Виолетовый дневник

В нашем мире так легко озвереть. И не надо страшных баек про оборотней. Никаких проклятий и звериных укусов. Просто человек звереет. Сойти с ума так просто.


ПРОЛОГ


По улице, позолочённой сентябрём, медленно бредёт девушка в стареньком пальто, с длинными рыжими волосами, наступая на свою худенькую прозрачно-синеватую тень. Идёт, не поднимая глаз и не замечая тех, кто встречается ей или обгоняет её. Девушку тоже не замечают, и её это радует.
В рюкзачке за её спиной лишь полупустая пачка «Winston» с розовой зажигалкой и потрёпанная фиолетовая тетрадь, на обложке которой аккуратно выведено: «Виола Ивина».
Тетрадь — это настоящий друг. Выслушает. Не проболтается. Это крепко связанные, как закадычной дружбой, разлинованные, исписанные листы бумаги, хранящие тайну Виолы.


1


15 сентября


Глупый, заезженный, затёртый до дыр вопрос: «Зачем я живу?» И вправду... Зачем? Затем разве, чтобы расстраивать людей, самой расстраиваться из-за пустяков? Затем ли, чтобы злиться, унывать, хамить, обижаться?
Затем ли, чтобы, оглянувшись назад, не увидеть своих следов, не услышать звука своих шагов?.. Не оглядываться? Ну да. Допустим. А что впереди?..

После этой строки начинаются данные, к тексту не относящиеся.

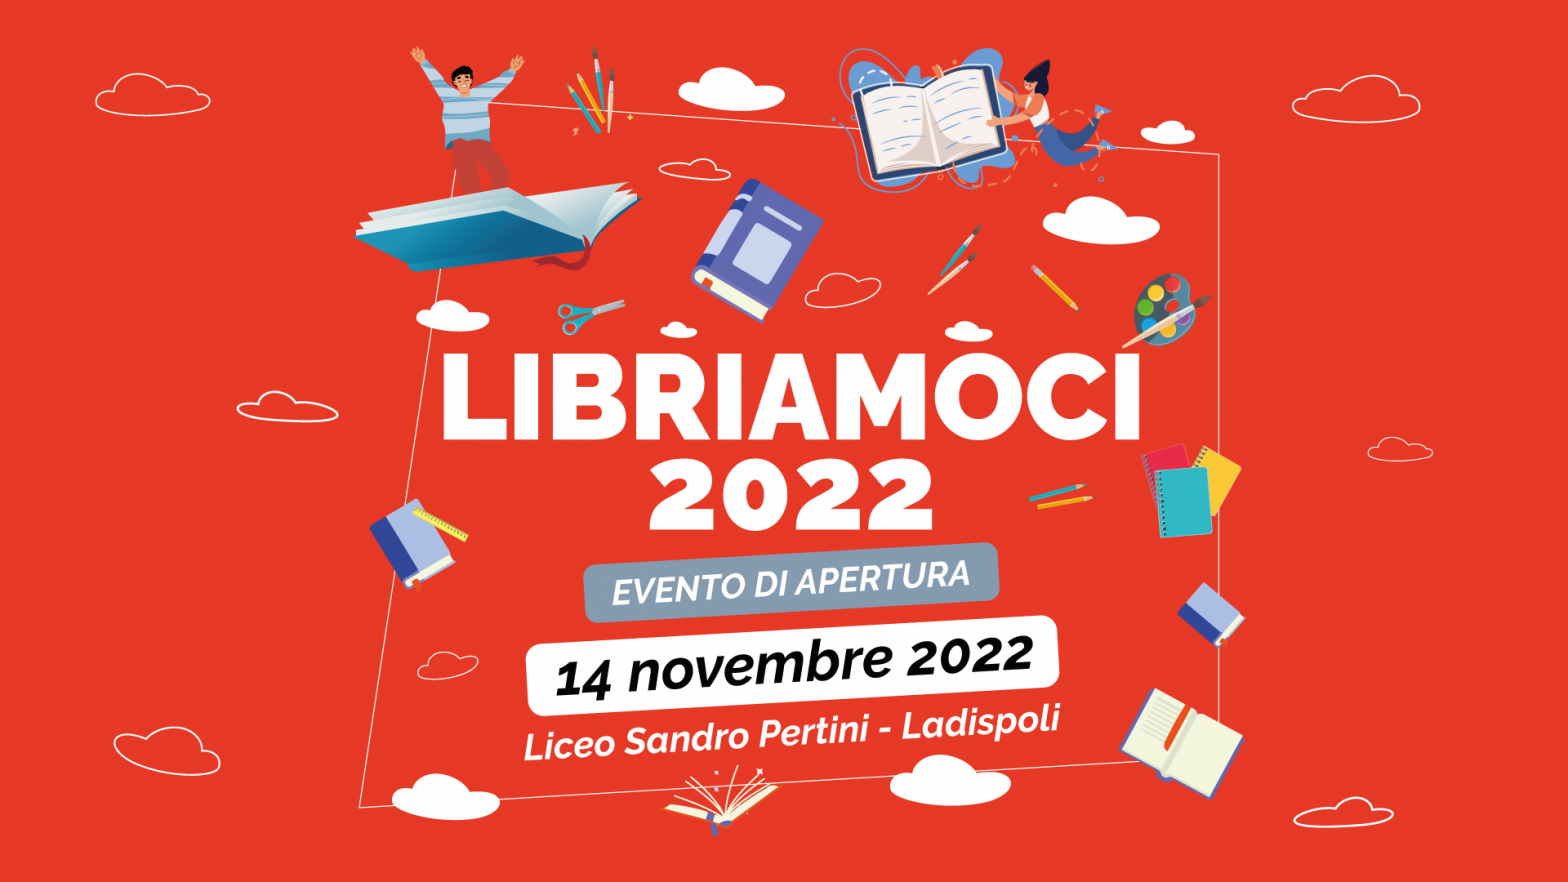 [VIDEO] L’evento inaugurale di Libriamoci 2022 con Daniele Mencarelli

Виола присела на лавочку, когда-то синюю. Закурила. Это был её любимый парк. Здесь уже давно не было летней сцены, фонтан не работал, а карусели растащили на металлолом. Асфальтовые дорожки пересекались грубой паутиной трещин. Тишину лишь иногда нарушал металлический скрежет изъеденных ржавчиной качелей.
Виола вдыхала дым тлеющей сигареты и щёлкала зажигалкой. Мимо девушки медленно, даже как-то сонно пропрыгала  крупная мышь. Виола и подумать не успела, каким образом зверёк здесь оказался, как несчастного грызуна сдавили клычки кошки, так же невесть, откуда взявшейся. Мышь пискнула и утихла. Вместе с ней снова утихло и всё вокруг.


16 сентября


Я люблю тишину. Не тяжёлую и в то же время пустую глушь, а тишь. Живую, тёплую, ласкающую слух. В ней больше смысла и жизни, нежели в крике, грохоте и возне. В ней шёпот, дыхание, шелест листьев, черкание карандаша по бумаге, шорох одежд. Только в тишине, даже не глядя на человека, можно услышать улыбку в его голосе. Можно даже услышать его ресницы. Или как он поправляет причёску. А в шуме вы не услышите ничего кроме шума.


17 сентября


В чём смысл жизни? Неужели вы будете спорить со мной,если я скажу, что смысл жизни в том, чтобы видеть в жизни смысл? И смысл ни в деньгах, ни в любви, ни в дружбе, если вы не знаете, для чего они, если не знаете, каково без них.
Хм... Я первыми поставила деньги... Неправильно, когда они на первом месте. У вас так? У меня нет. Правда. Вы замечали, насколько противно слово «деньги»? Я заметила. Оно режет слух. Режет слух, как сами эти бумажки с водяными знаками, новые, шуршащие, режут пальцы, если их считать жадными, дрожащими пальцами.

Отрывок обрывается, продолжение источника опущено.